Вере Печенкиной два года. У нее тяжелый порок сердца. Она почти не растет и весит всего восемь килограммов — как девятимесячный младенец. На ее крохотное сердце хирурги наложили два системно-легочных анастомоза, два протеза, искусственно соединяющих круги кровообращения. Это все, что они смогли сделать в Москве. И это временно. Один анастомоз уже забился тромбами, другой забьется через пару месяцев. И тогда — сердце остановится. Уже сейчас у девочки одышка, даже когда она сидит или лежит на животе. Ей нужна радикальная операция. Ее надо срочно оперировать в Берлине.
Вера такая маленькая, что если хочешь поиграть с ней, не возвышаясь над нею как гора, то нужно лечь на пол и лежать тихо-тихо. Очень тихо, не делая резких движений и не издавая громких звуков, потому что иначе девочка испугается и ей станет плохо с сердцем. Я лежу тихо-тихо виском на ковре и тогда вижу Верины глаза и слышу, что Вера говорит. Она очень хорошо говорит для двухлетней девочки, только очень тихо, и я с трудом разбираю историю про Чебурашку и неваляшку, которую Вера пытается мне рассказать вот уже в третий раз.
Верина мама могла бы помочь мне, переведя тихий лепет своей дочери, но Верина мама сидит неподвижно на полу рядом с нами, смотрит на нас и, кажется, вообще не понимает, что мы с девочкой разговариваем. Она смотрит невидящим взглядом, какой бывает только у очень, очень, очень несчастных людей. Когда мы познакомились, Верина мама только и рассказала мне, что диагноз "врожденный порок сердца" младшей ее дочери поставили еще до рождения, внутриутробно при помощи УЗИ. Сказала: "С тех пор у нас началась другая жизнь". Сказала и замолчала, устремив остановившийся взгляд как будто бы внутрь себя, туда, где произошло главное в ее жизни несчастье.
— Встать,— говорит Вера и протягивает мне руку.
Это не команда, это просьба. Девочка хочет, чтобы я помог ей встать. Я протягиваю ей палец, девочка хватается за мой палец двумя руками, и я подымаю ее на ноги, не прикладывая никакого усилия. Она легкая, как пух.
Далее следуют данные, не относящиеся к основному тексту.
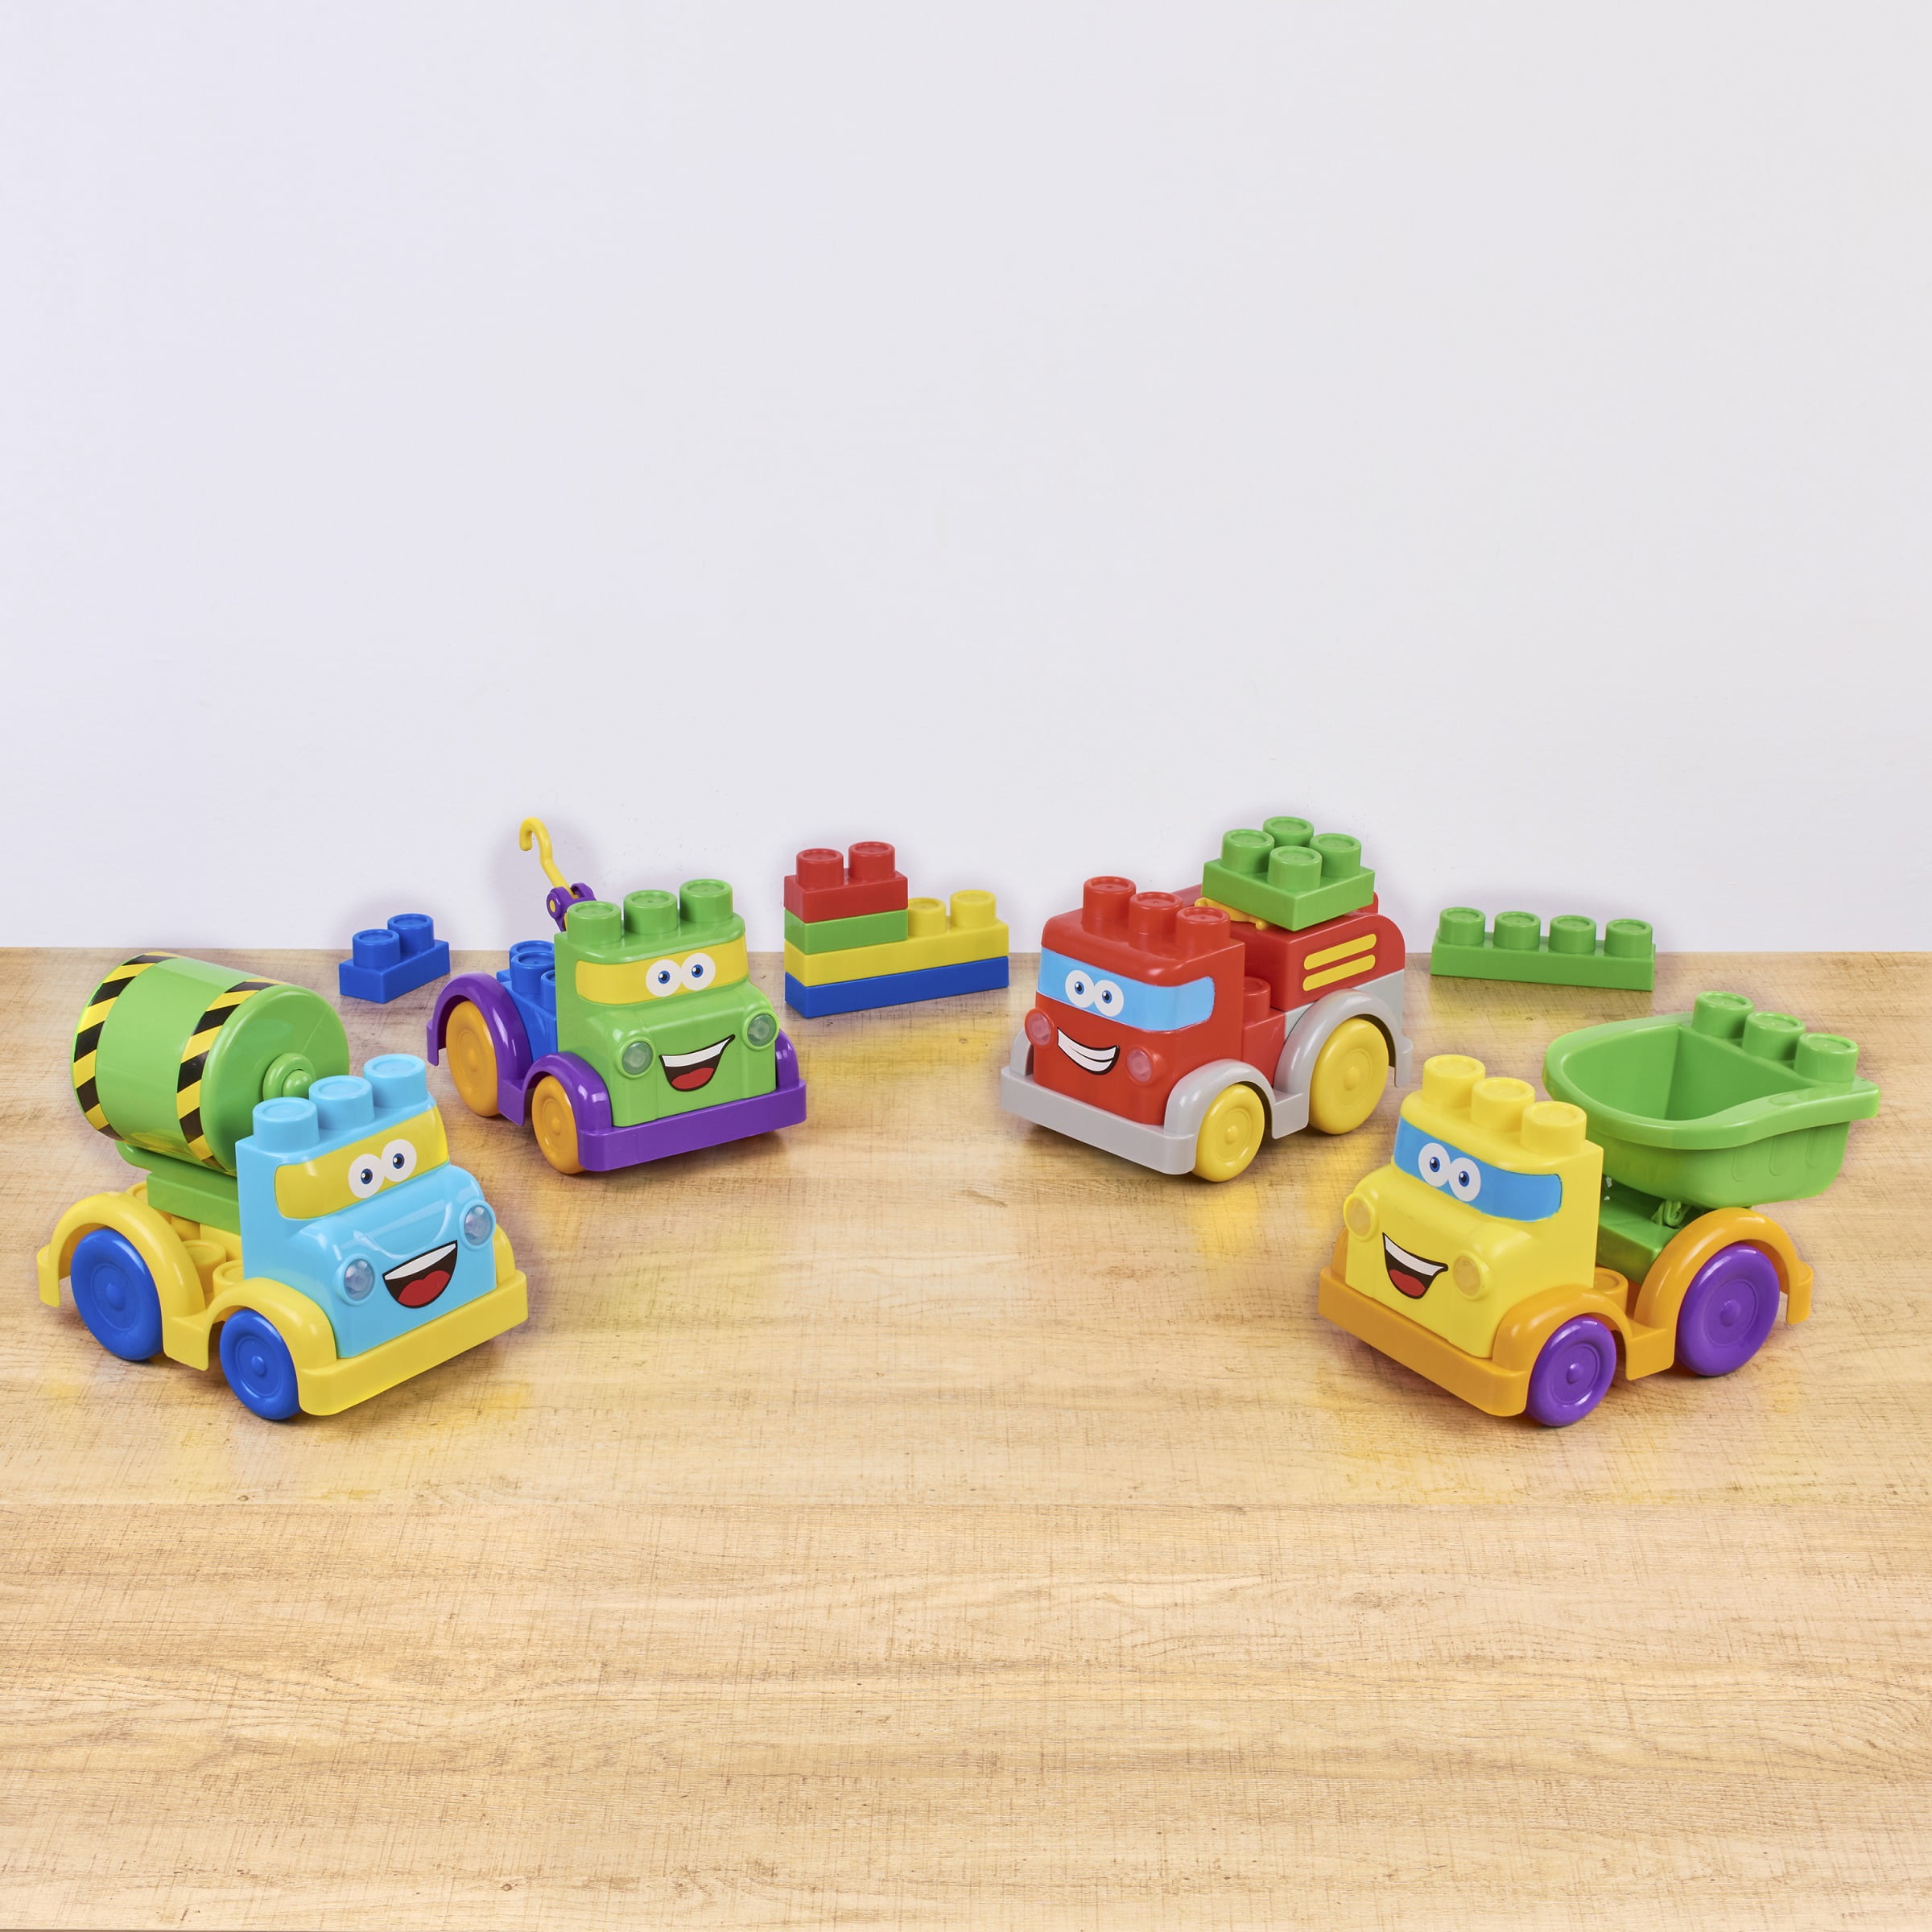 kid connection deluxe vehicles and blocks play set

— Рисовать,— говорит Вера.
И идет к ящику, где лежат у нее фломастеры и альбом. Маленький альбом и маленькие фломастеры, потому что вряд ли эта крошечная девочка сможет рисовать большими фломастерами в большом альбоме.
Она очень хорошо рисует для двухлетней девочки. Она рисует воздушные шарики. Черные воздушные шарики на черных нитках.
Порисовав минуту, Вера устает, снова садится на пол и опять принимается рассказывать мне про Чебурашку, неваляшку и Олю. А я все никак не пойму, что там случилось между Чебурашкой и неваляшкой и кто такая Оля.
— Кто такая Оля? — спрашиваю я Верину маму.
Вместо ответа женщина достает из шкафа маленький фотоаппарат, серебристую "мыльницу", настраивает там, в "мыльнице", режим просмотра видео и протягивает "мыльницу" девочке. А девочка со знанием дела принимается показывать мне раз за разом короткий видеоотрывок, запечатлевший несколько счастливых минут из тех времен, когда анастомозы были только что наложены и ни один из них еще не забился.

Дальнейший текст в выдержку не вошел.